Parallel: 4 independent instances of the same environment configuration.

Collecting objects

Example: sb3_collectables.py

Objective: Collect all 20 objects in a large square room.

Actors: An EgoCentric Camera Actor (LINK) equipped with a monocular camera.

Observation space:

  • An RGB camera of shape (3, 40, 40) (C, H, W) in uint8 format.

Action space:

  • A discrete action space with 3 possible actions
  • Turn left 10 degrees
  • Turn right 10 degrees
  • Move forward

Reward function:

  • A sparse reward of +1 when an object is collected
  • A timeout penaly of -1 if the agent does not reach the object in 500 time-steps

Parallel: 4 independent instances of the same environment configuration.

Navigating in procedurally generated mazes

Example: sb3_procgen.py

Objective: Navigate to an object in a 3D maze, when the object is collected the environment resets.
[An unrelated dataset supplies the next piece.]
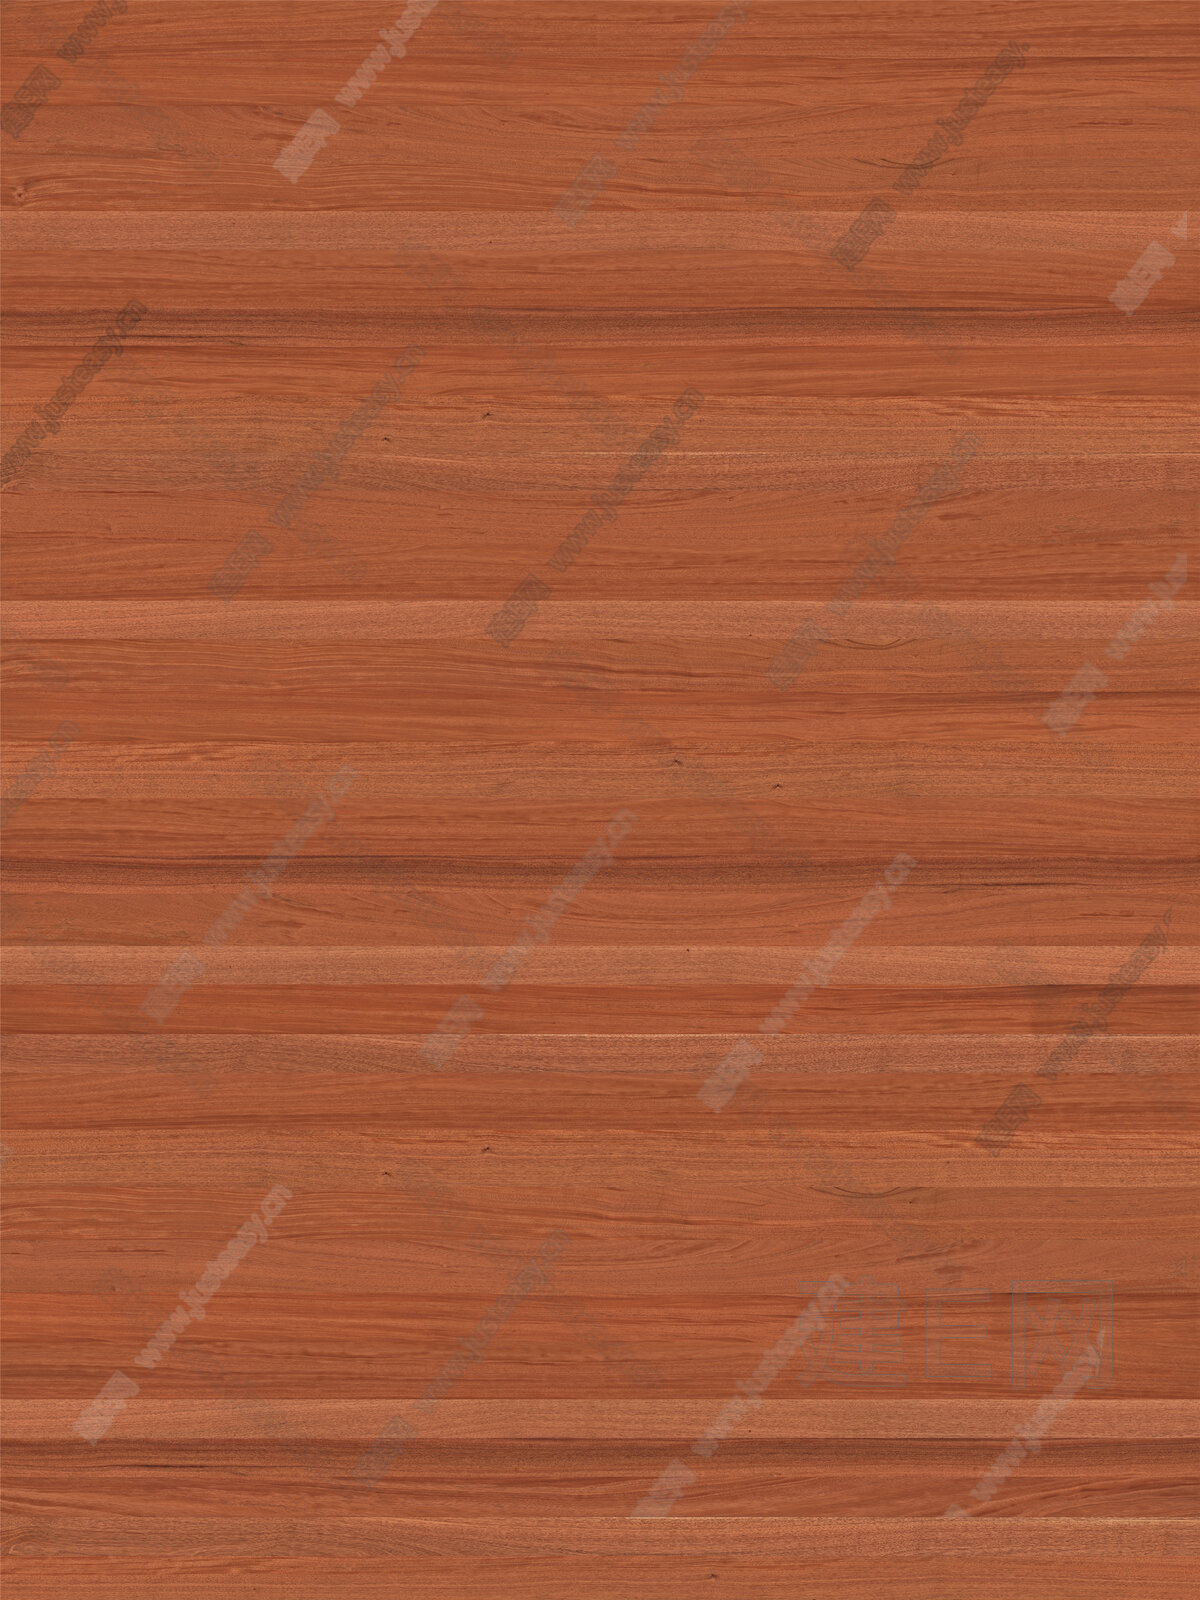 高清红木纹木饰面贴图3d贴图下载[ID:105598548]_建E室内设计网

Actors: An EgoCentric Camera Actor (LINK) equipped with a monocular camera

Observation space:

  • An RGB camera of shape (3, 40, 40) (C, H, W) in uint8 format.

Action space:

  • A discrete action space with 3 possible actions
  • Turn left 10 degrees
  • Turn right 10 degrees
  • Move forward

Reward function:

  • A sparse reward of +1 when the object is reached
  • A timeout penaly of -1 if the agent does not reach the object in 500 time-steps

Parallel: 4 independent instances of randomly generated environment configurations.
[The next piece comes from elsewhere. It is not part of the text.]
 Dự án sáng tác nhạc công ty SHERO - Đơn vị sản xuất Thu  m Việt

Physical interaction with movable objects

Example: sb3_move_boxes.py

Objective: Push boxes in a room near to each other.

Actors: An EgoCentric Camera Actor (LINK) equipped with a monocular camera

Observation space:

  • An RGB camera of shape (3, 40, 40) (C, H, W) in uint8 format.

Action space:

  • A discrete action space with 3 possible actions
  • Turn left 10 degrees
  • Turn right 10 degrees
  • Move forward

Reward function:

  • A reward for moving the red and yellow boxes close to eachother
  • A reward for moving the green and white boxes close to eachother
  • A timeout penaly of -1 if the agent does not reach the object in 100 time-steps

Parallel: 16 independent instances of the same environment configuration.
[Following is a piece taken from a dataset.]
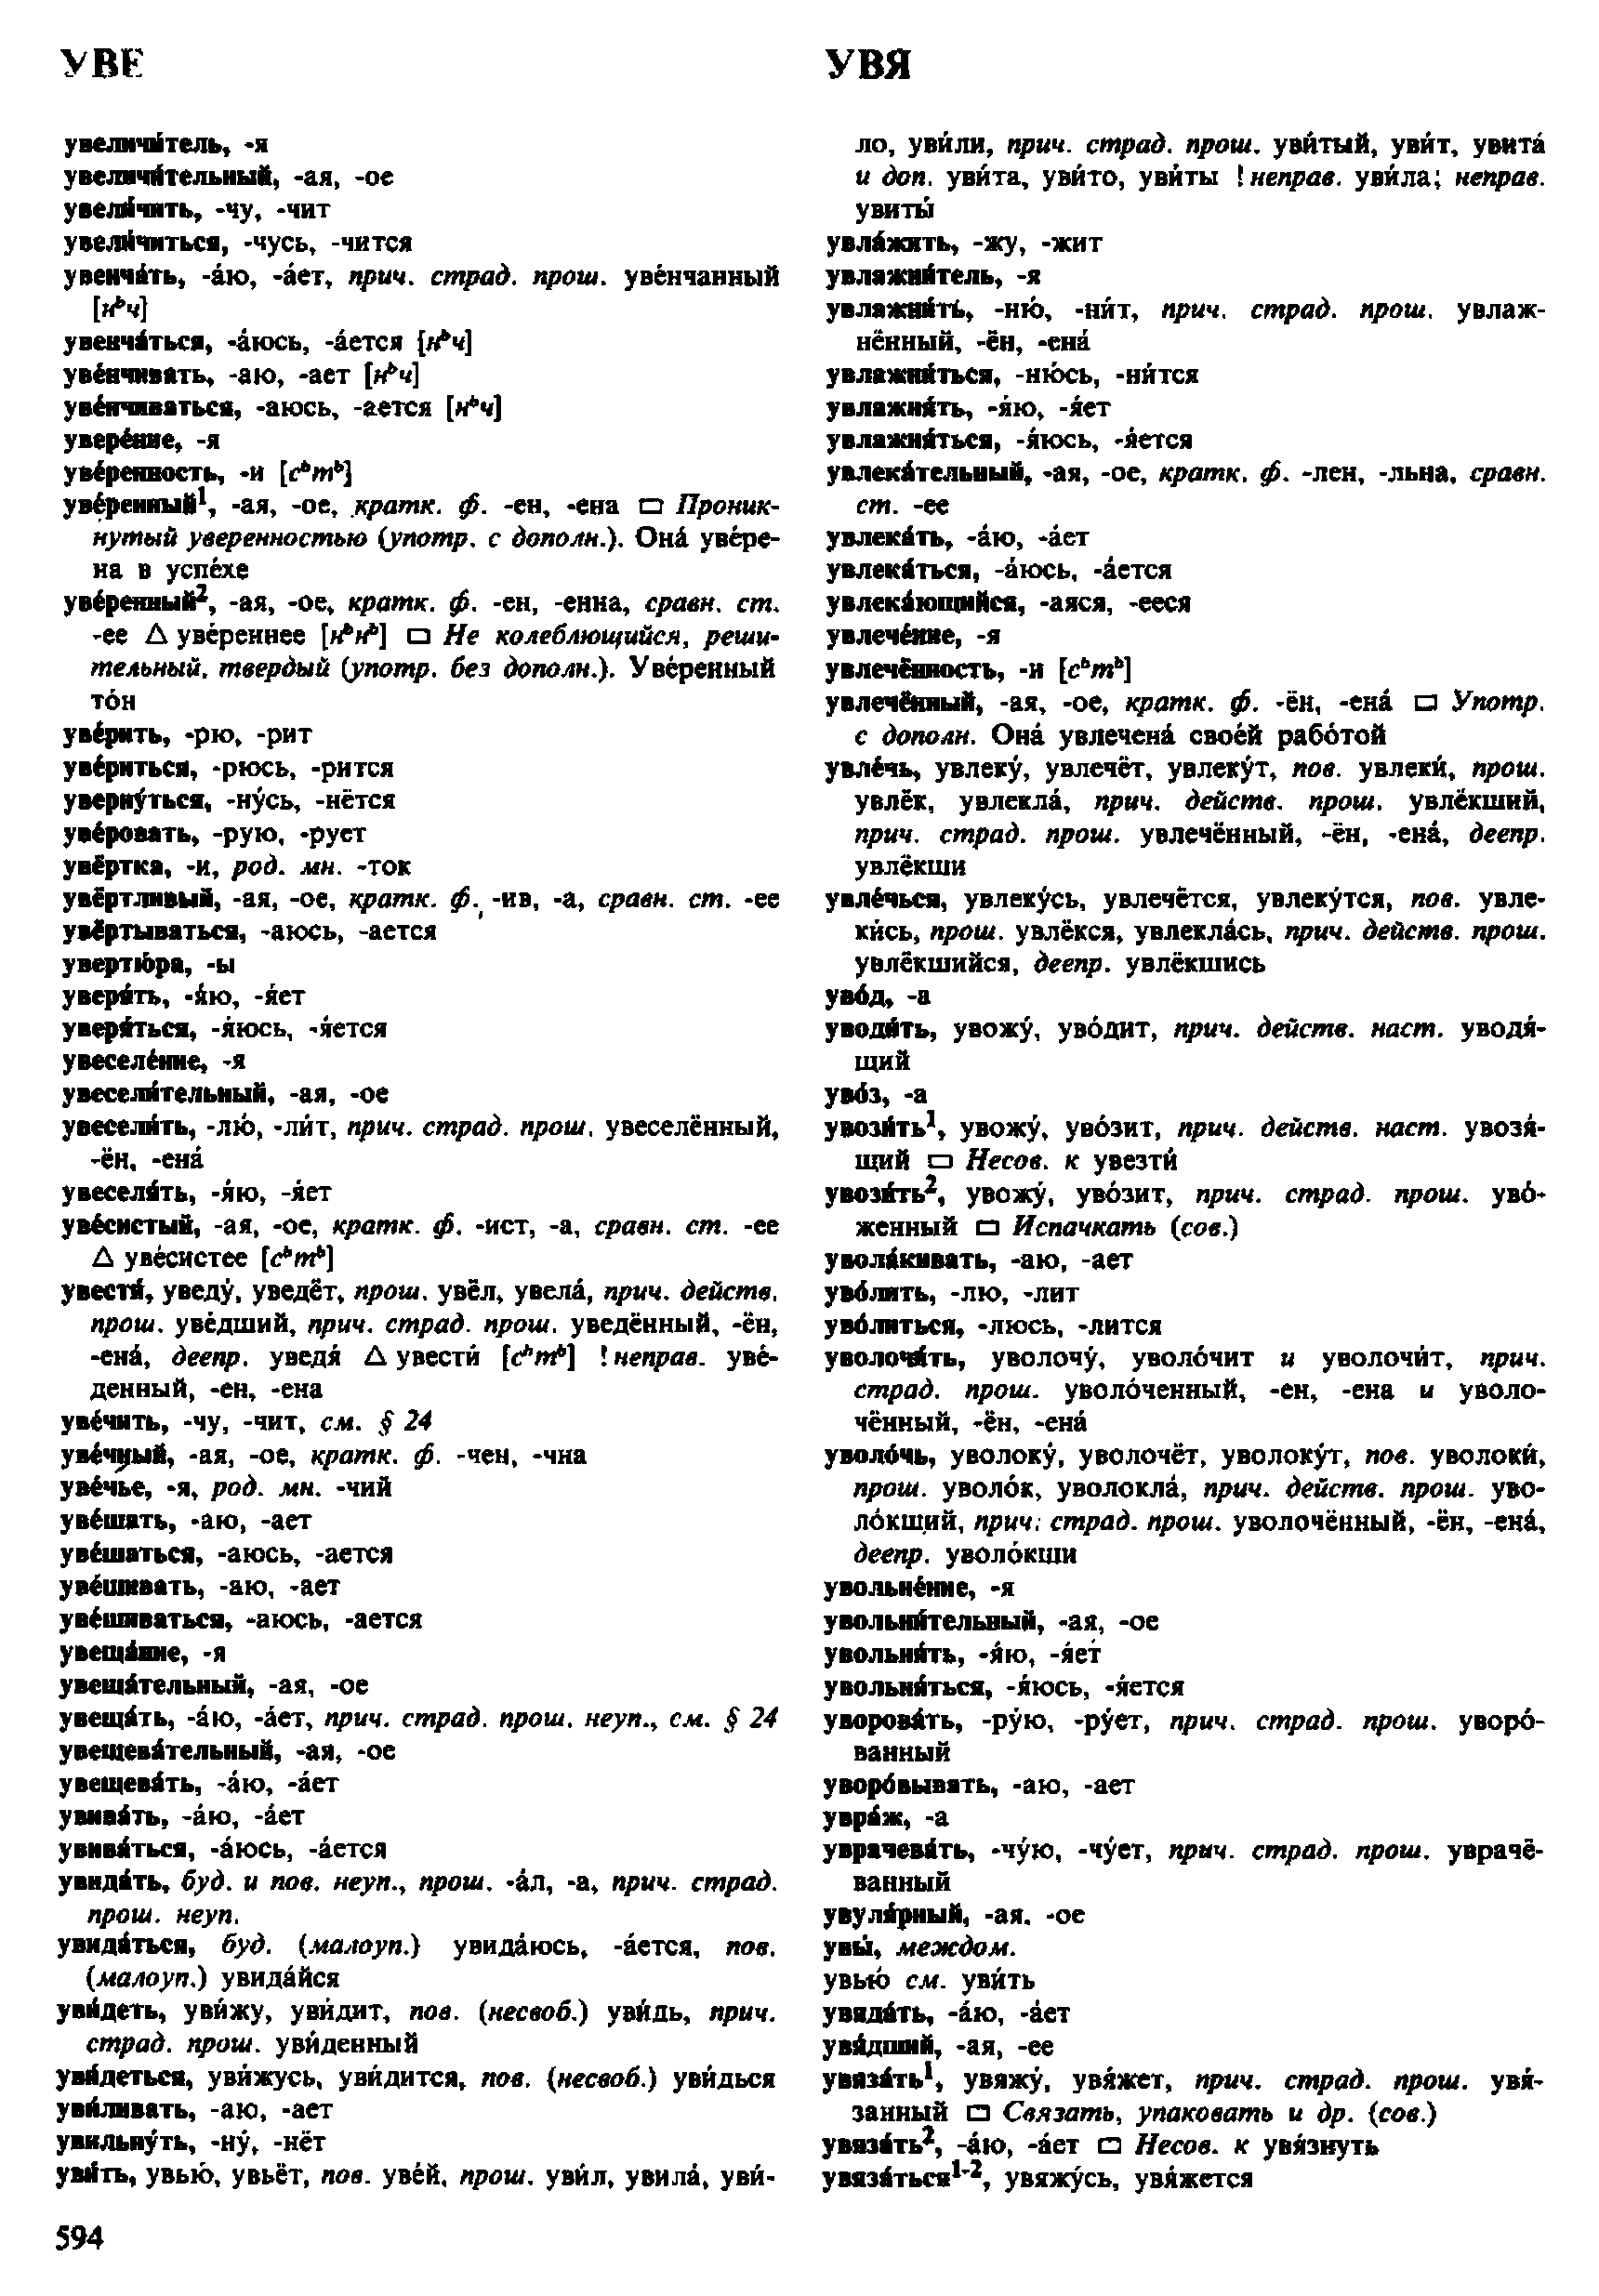 Фотокопия pdf / скан страницы 594 орфоэпического словаря под редакцией Аванесова (4 издание, 1988 год)

Reward functions based on line of sight observation of objects.

Example: sb3_visual_reward.py

Objective: Move the agent so the box is within the agents its field of view

Actors: An EgoCentric Camera Actor (LINK) equipped with a monocular camera

Observation space:

  • An RGB camera of shape (3, 40, 40) (C, H, W) in uint8 format.

Action space:

  • A discrete action space with 3 possible actions
  • Turn left 10 degrees
  • Turn right 10 degrees
  • Move forward

Reward function:

  • A sparse reward for moving the box within a 60 degree fov cone in front of the agent.
  • A timeout penaly of -1 if the agent does not reach the object in 100 time-steps

Parallel: 4 independent instances of the same environment configuration.